Assessment of biodosimetry methods for a mass-casualty radiological incident: medical response and management considerations

Abstract

Following a mass-casualty nuclear disaster, effective medical triage has the potential to save tens of thousands of lives. In order to best use the available scarce resources, there is an urgent need for biodosimetry tools to determine an individual's radiation dose. Initial triage for radiation exposure will include location during the incident, symptoms, and physical examination. Stepwise triage will include point of care assessment of less than or greater than 2 Gy, followed by secondary assessment, possibly with high throughput screening, to further define an individual's dose. Given the multisystem nature of radiation injury, it is unlikely that any single biodosimetry assay can be used as a standalone tool to meet the surge in capacity with the timeliness and accuracy needed. As part of the national preparedness and planning for a nuclear or radiological incident, the authors reviewed the primary literature to determine the capabilities and limitations of a number of biodosimetry assays currently available or under development for use in the initial and secondary triage of patients. Understanding the requirements from a response standpoint and the capability and logistics for the various assays will help inform future biodosimetry technology development and acquisition. Factors considered include: type of sample required, dose detection limit, time interval when the assay is feasible biologically, time for sample preparation and analysis, ease of use, logistical requirements, potential throughput, point-of-care capability, and the ability to support patient diagnosis and treatment within a therapeutically relevant time point.

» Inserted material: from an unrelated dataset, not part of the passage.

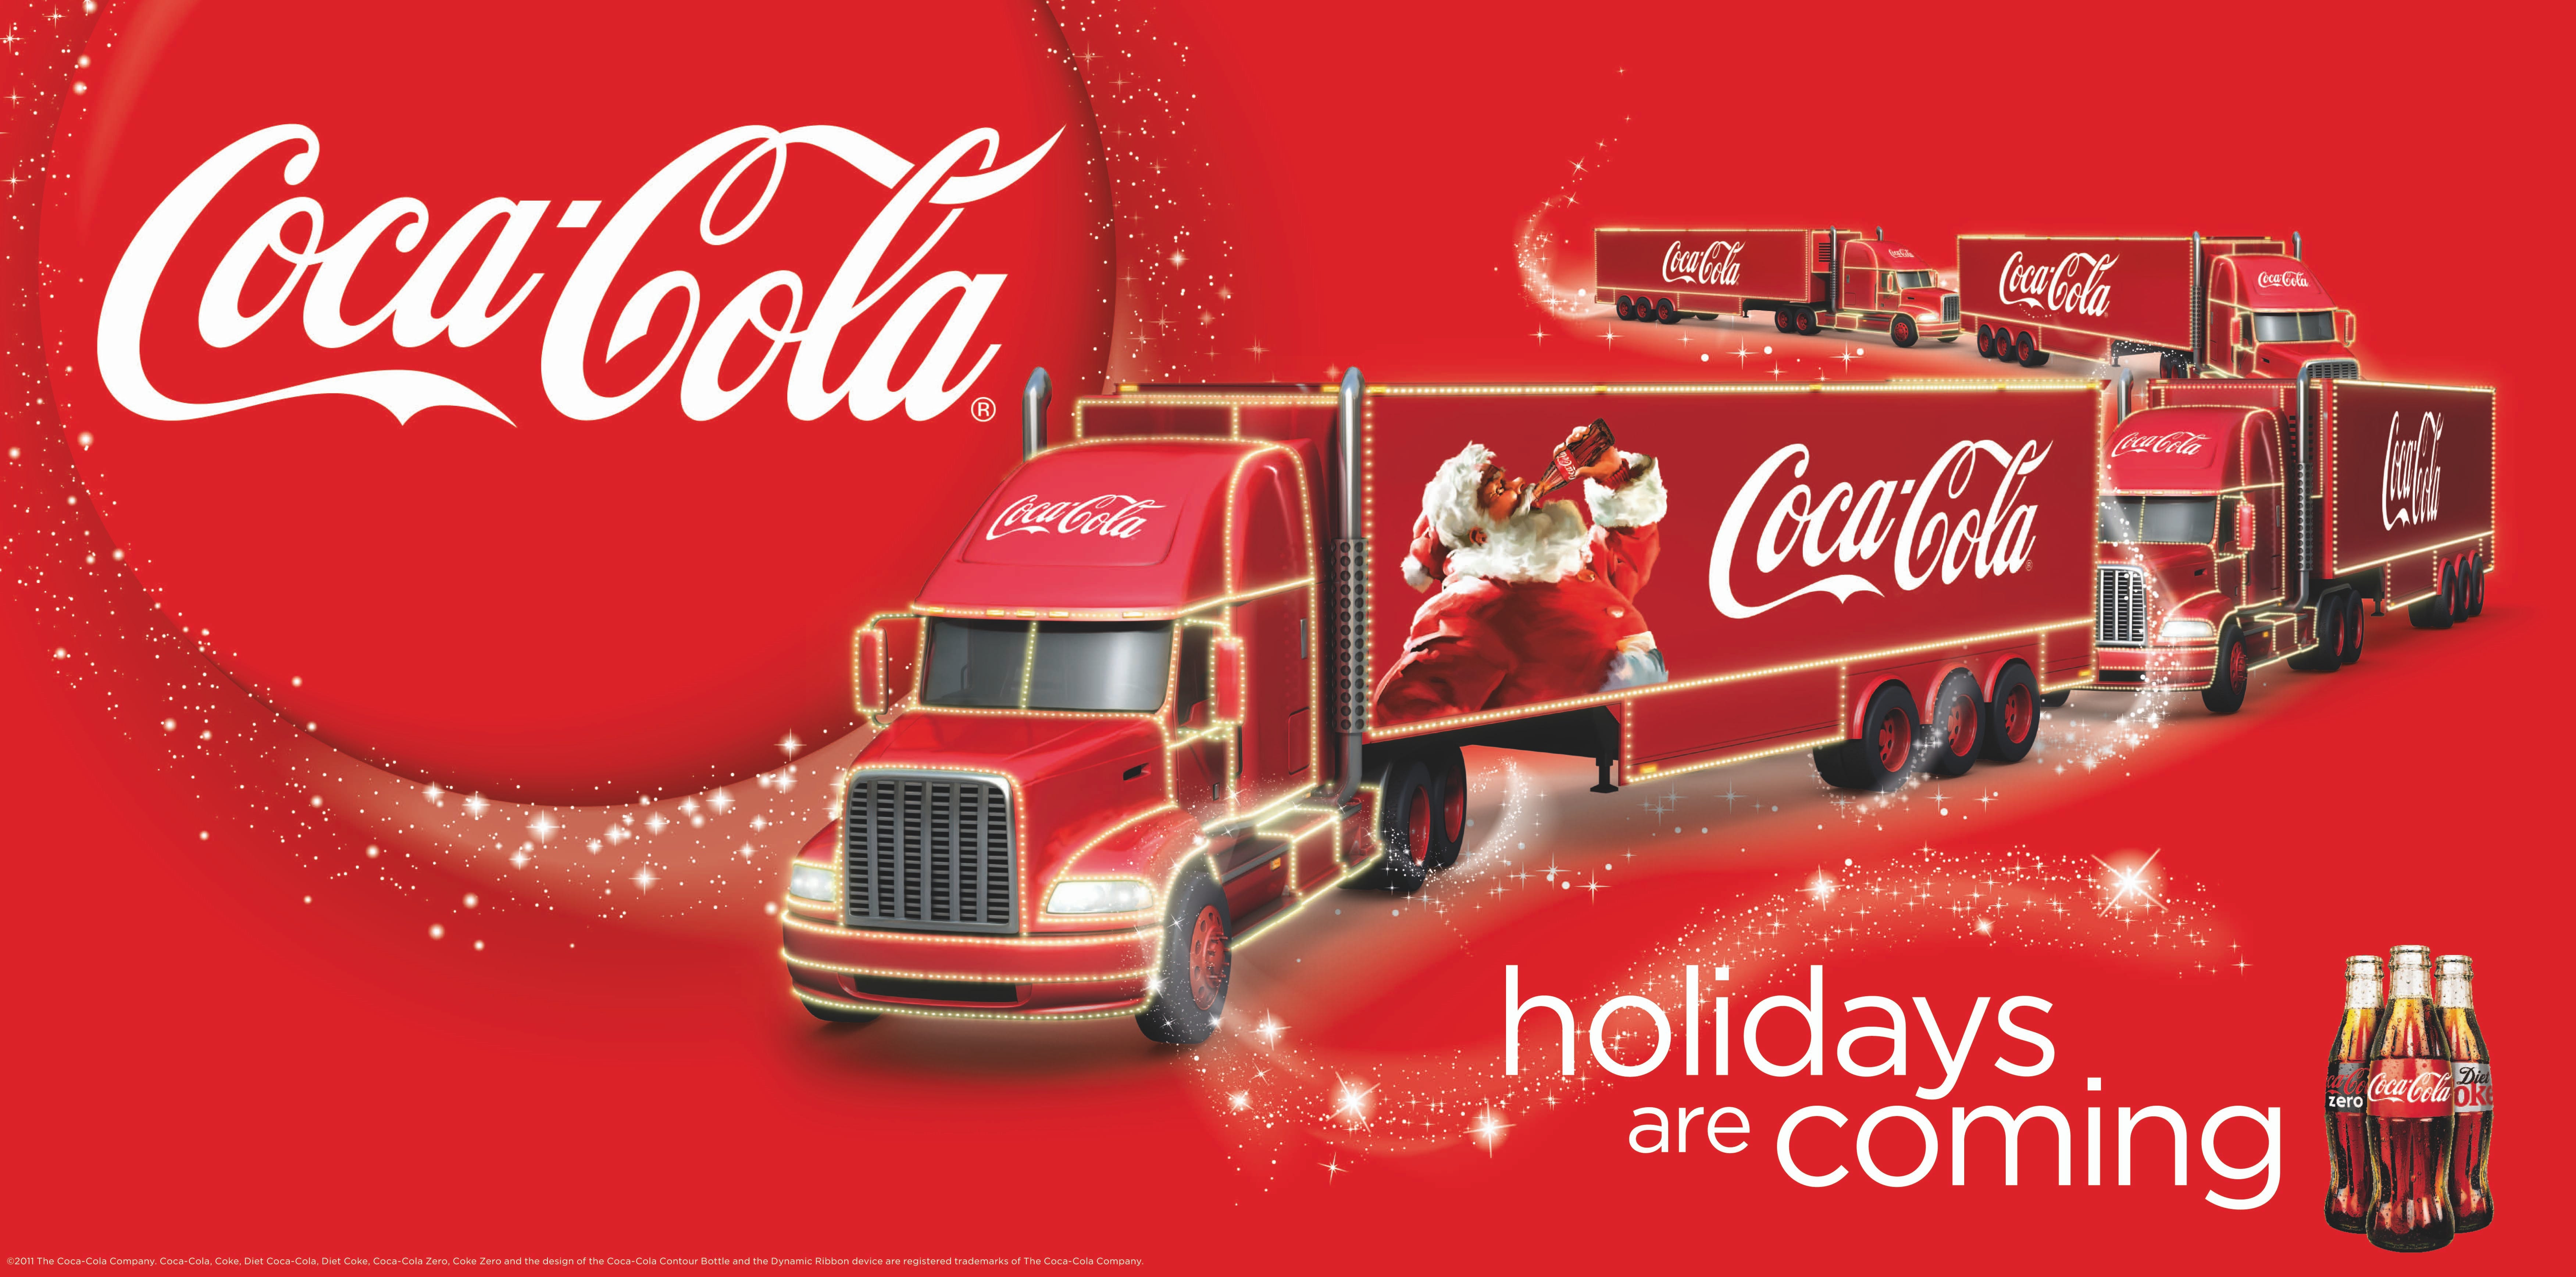 coca cola christmas commercial 2020 Holidays Are Coming The Coca Cola Christmas Branding Story By Stewart Hodgson Medium coca cola christmas commercial 2020

Fig.1. Dose range in which the indicated assays are able to estimate absorbed radiation dose

The dotted line represents conflicting dose estimate reports for the LDK assay which indicate the range begins at either 0.5 or 1 Gy. For the gamma-H2AX method; the black column represents the dose range for the microscopy method, and the white column is representative of the dose range for the flow cytometry method of measurement.

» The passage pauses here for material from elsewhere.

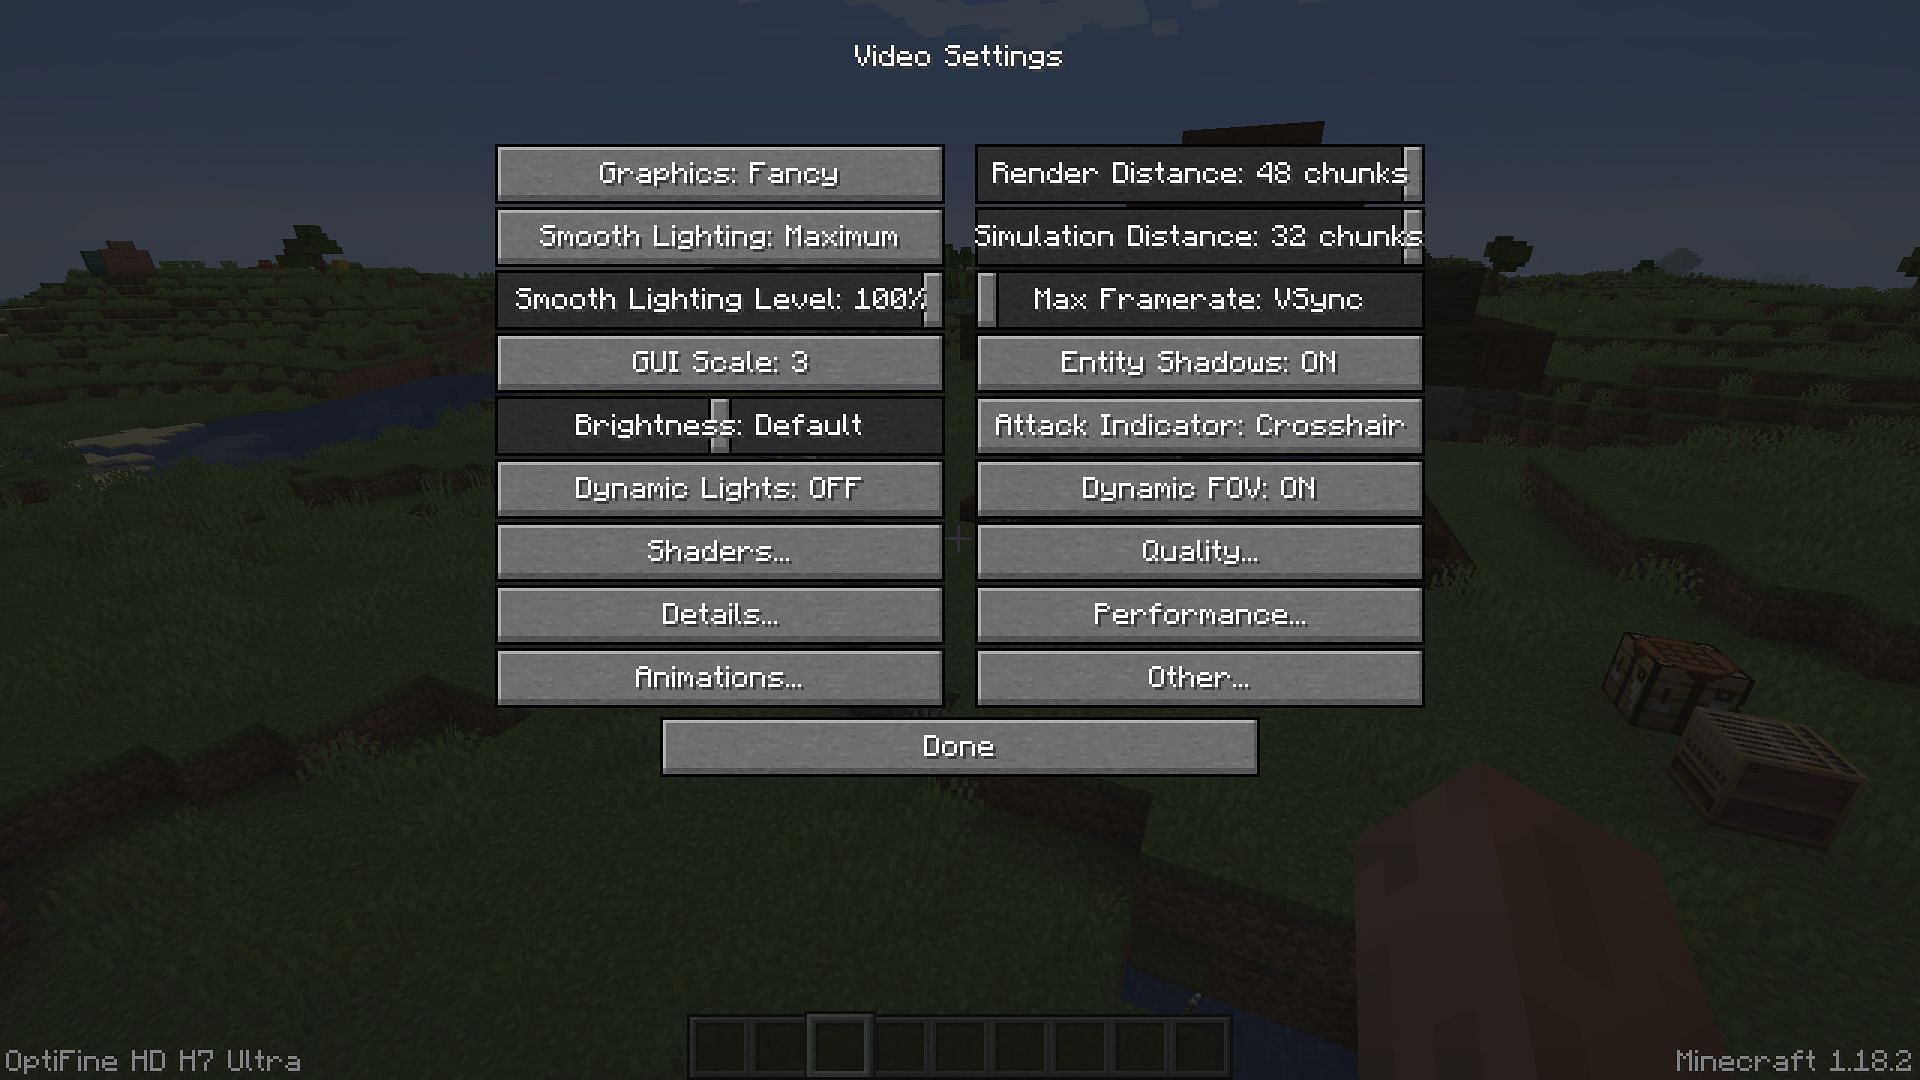 Is higher simulation distance better in Minecraft? - Quora

Fig. 2. Time phased comparison of currently available dosimetry methods out to one week after detonation

Dotted lines represent time needed for sample preparation to occur before any results become available. Note: Some lymphocyte based assays recommend 12hours before drawing blood to allow lymphocyte circulation from tissues. For the gamma-H2AX method; the black bar represents the microscopy method, and the white bar is representative of the flow cytometry method of measurement. For PCC; the black bar represents the CHO method and the white bar represents the chemical stimulation method.

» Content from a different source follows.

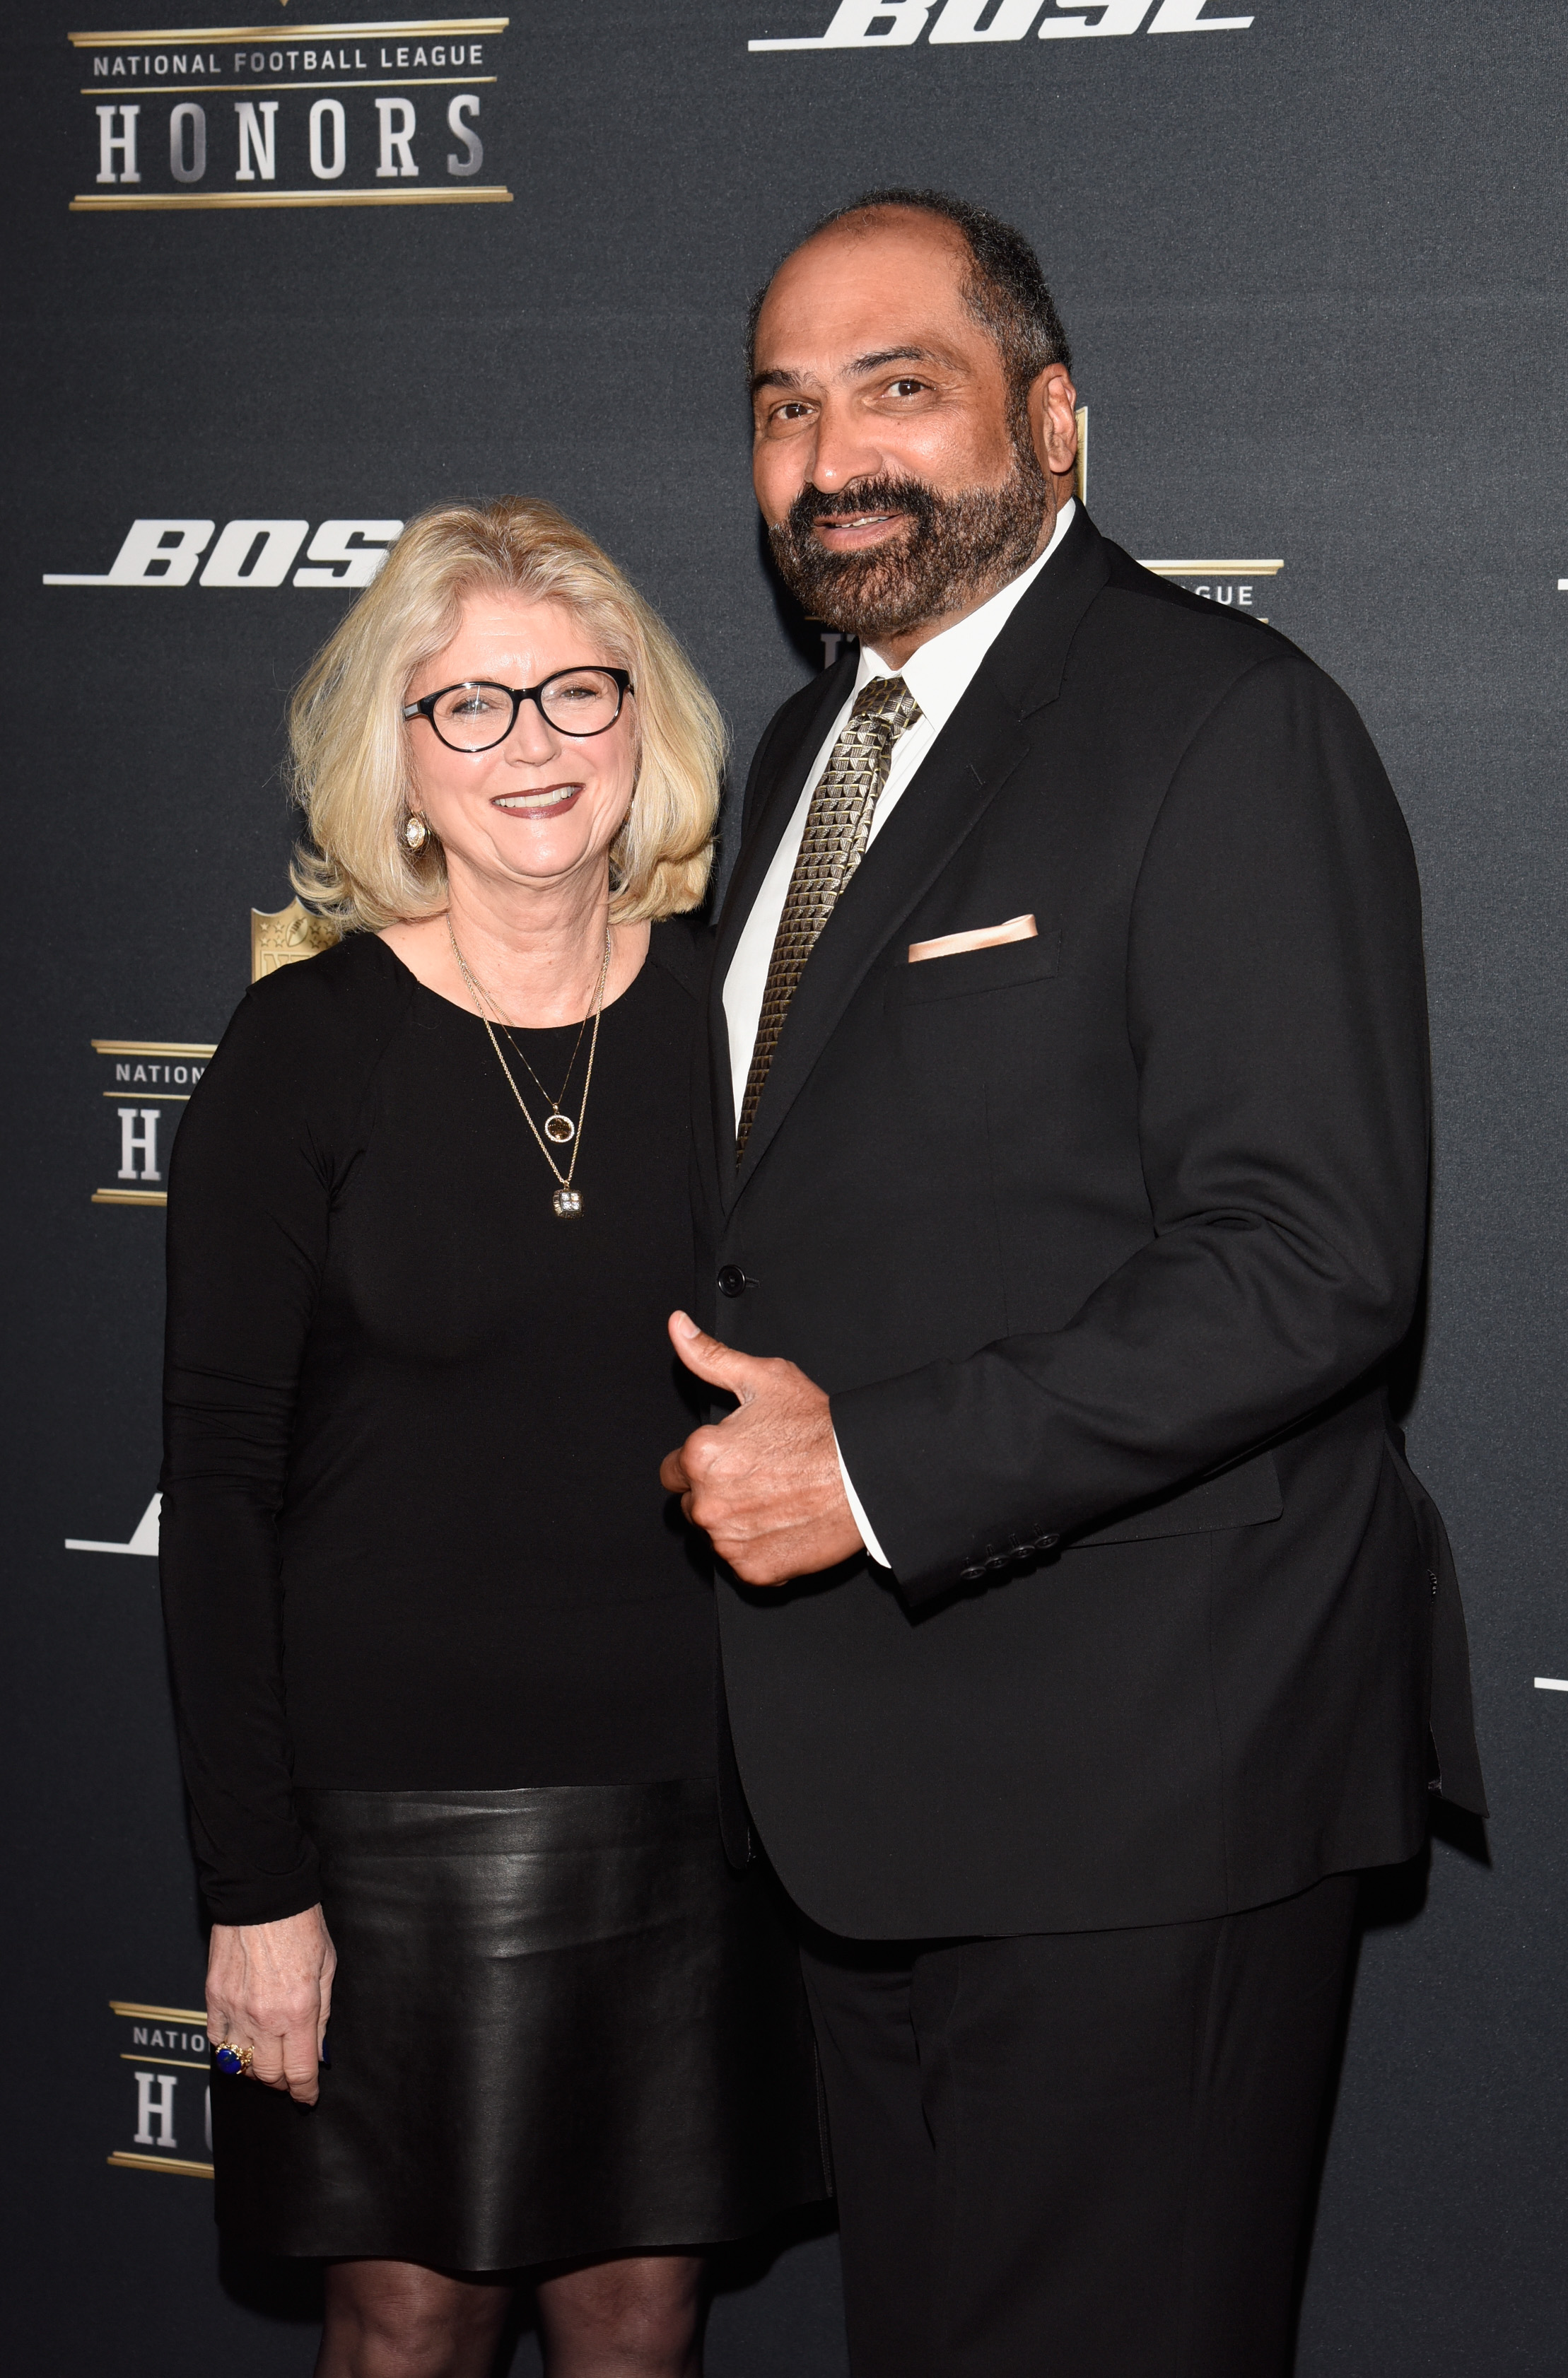 Dana Dokmanovich and Franco Harris attend the 5th Annual NFL Honors at Bill Graham Civic Auditorium on February 6, 2016, in San Francisco, California. | Source: Getty Images

Fig 3. Biodosimetry model for using Point of Care and High Throughput Screening Systems for medical triage after an IND detonation

After the event it is anticipated that one million people could require biodosimetry screening to determine their dose of exposure to radiation. A point of care device with the use profile shown in Table 2 is preferred for the initial triage. After the first round of biodosimetry, it is anticipated that the number of people requiring additional testing will be reduced to around 400,000. More complex methods can then be used on this smaller population to refine initial dose estimates, with a high-throughput system being preferred.

Fig. 4. Stepwise triage process for use after an IND detonation

T- triage, DX – differential diagnosis, MD- medical doctor; triage categories are per Coleman et al. (2011) The time from time 0 until “normal” standards of care are in force will vary on distance from the incident.